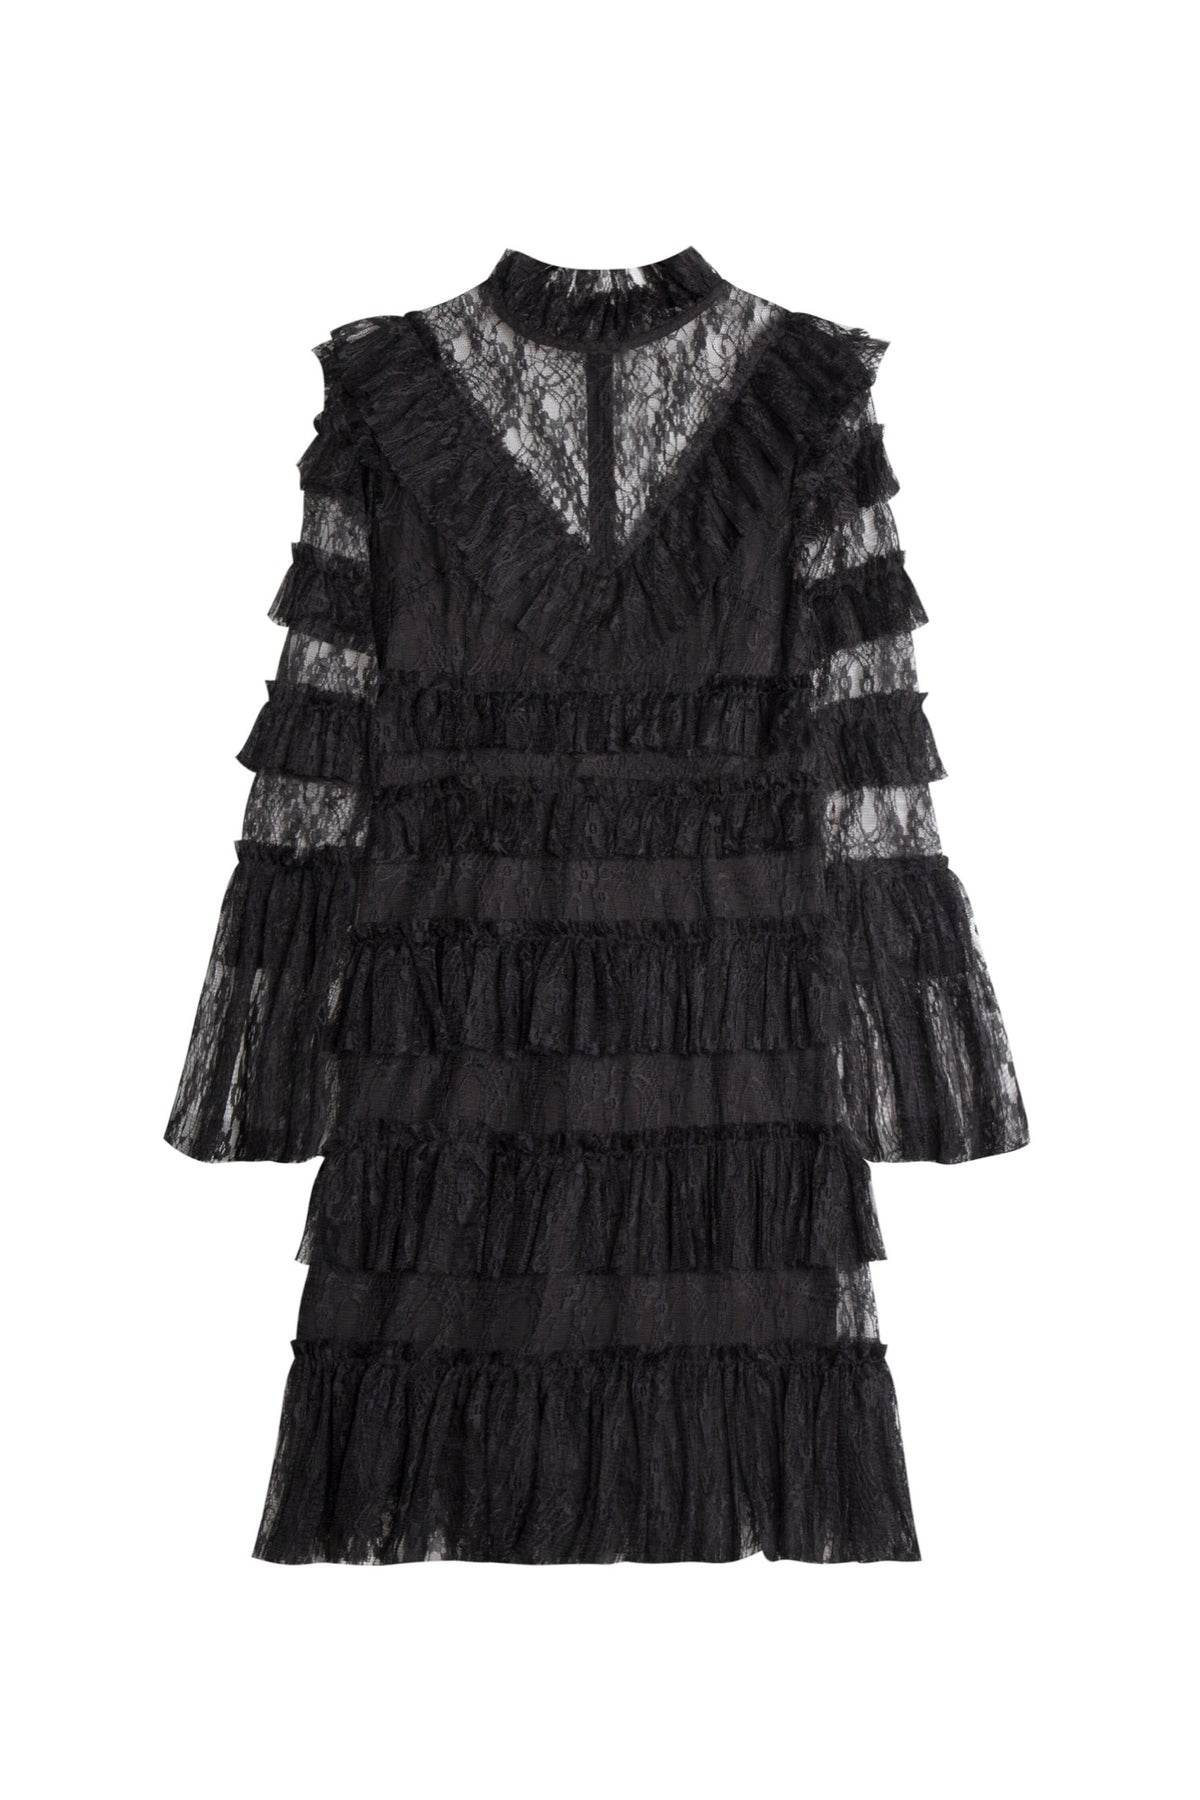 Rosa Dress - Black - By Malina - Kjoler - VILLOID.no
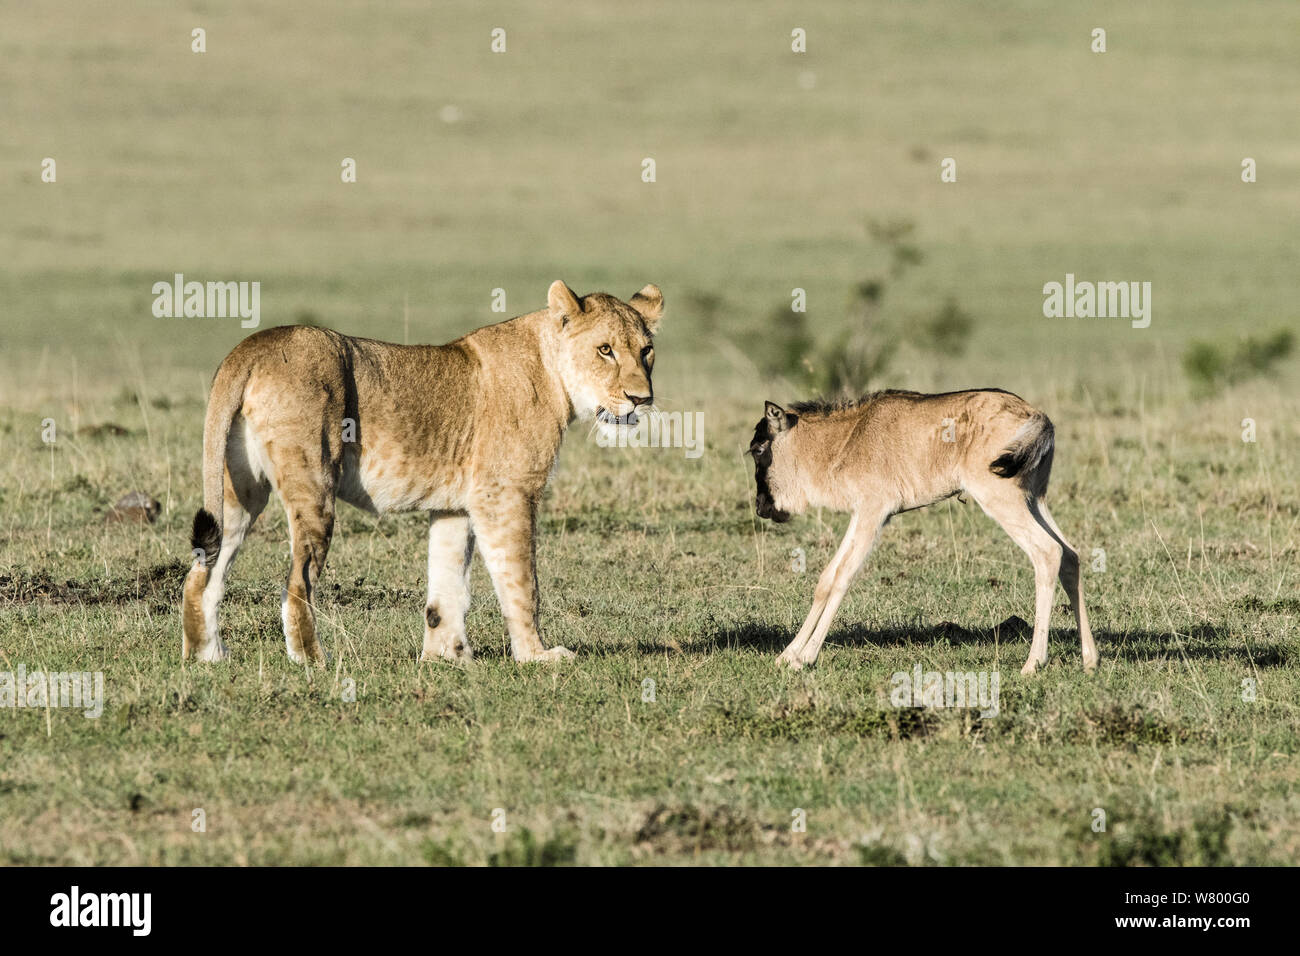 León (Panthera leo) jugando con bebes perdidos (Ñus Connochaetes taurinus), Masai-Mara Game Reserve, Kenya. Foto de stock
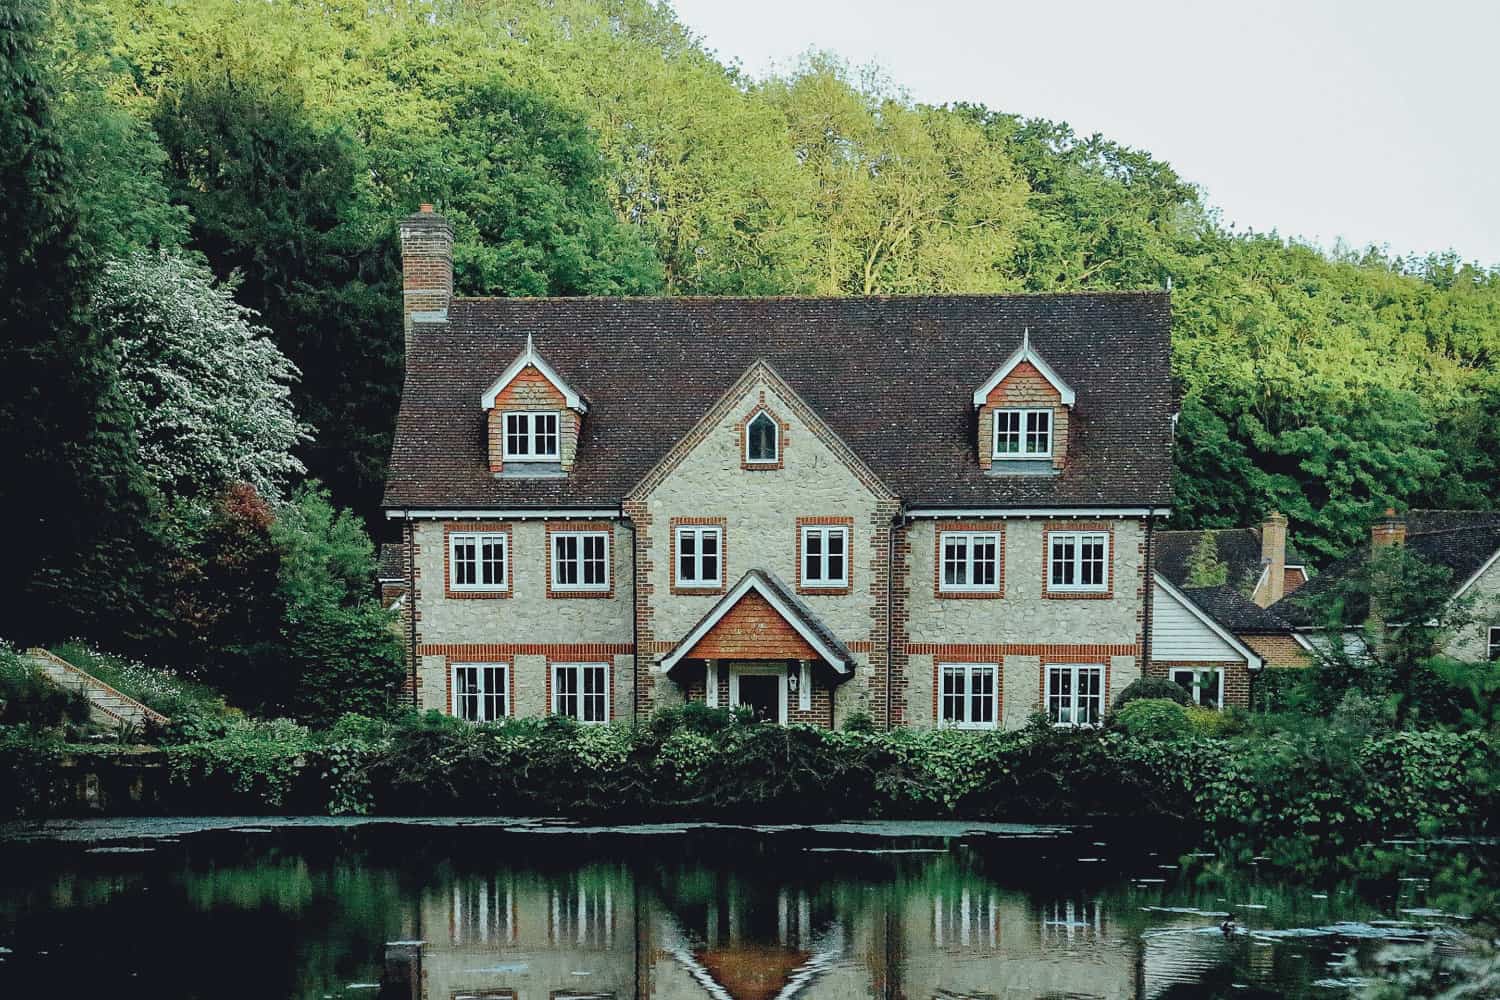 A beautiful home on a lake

========================================

> [What the task asks]
Word for word, please, restate the lines of the listing from the one holding "León (Panthera leo)" down to the last line, leaving out any pictures.

> [Solution]
 León (Panthera leo) jugando con bebes perdidos (Ñus Connochaetes taurinus), Masai-Mara Game Reserve, Kenya. Foto de stock
 A beautiful home on a lake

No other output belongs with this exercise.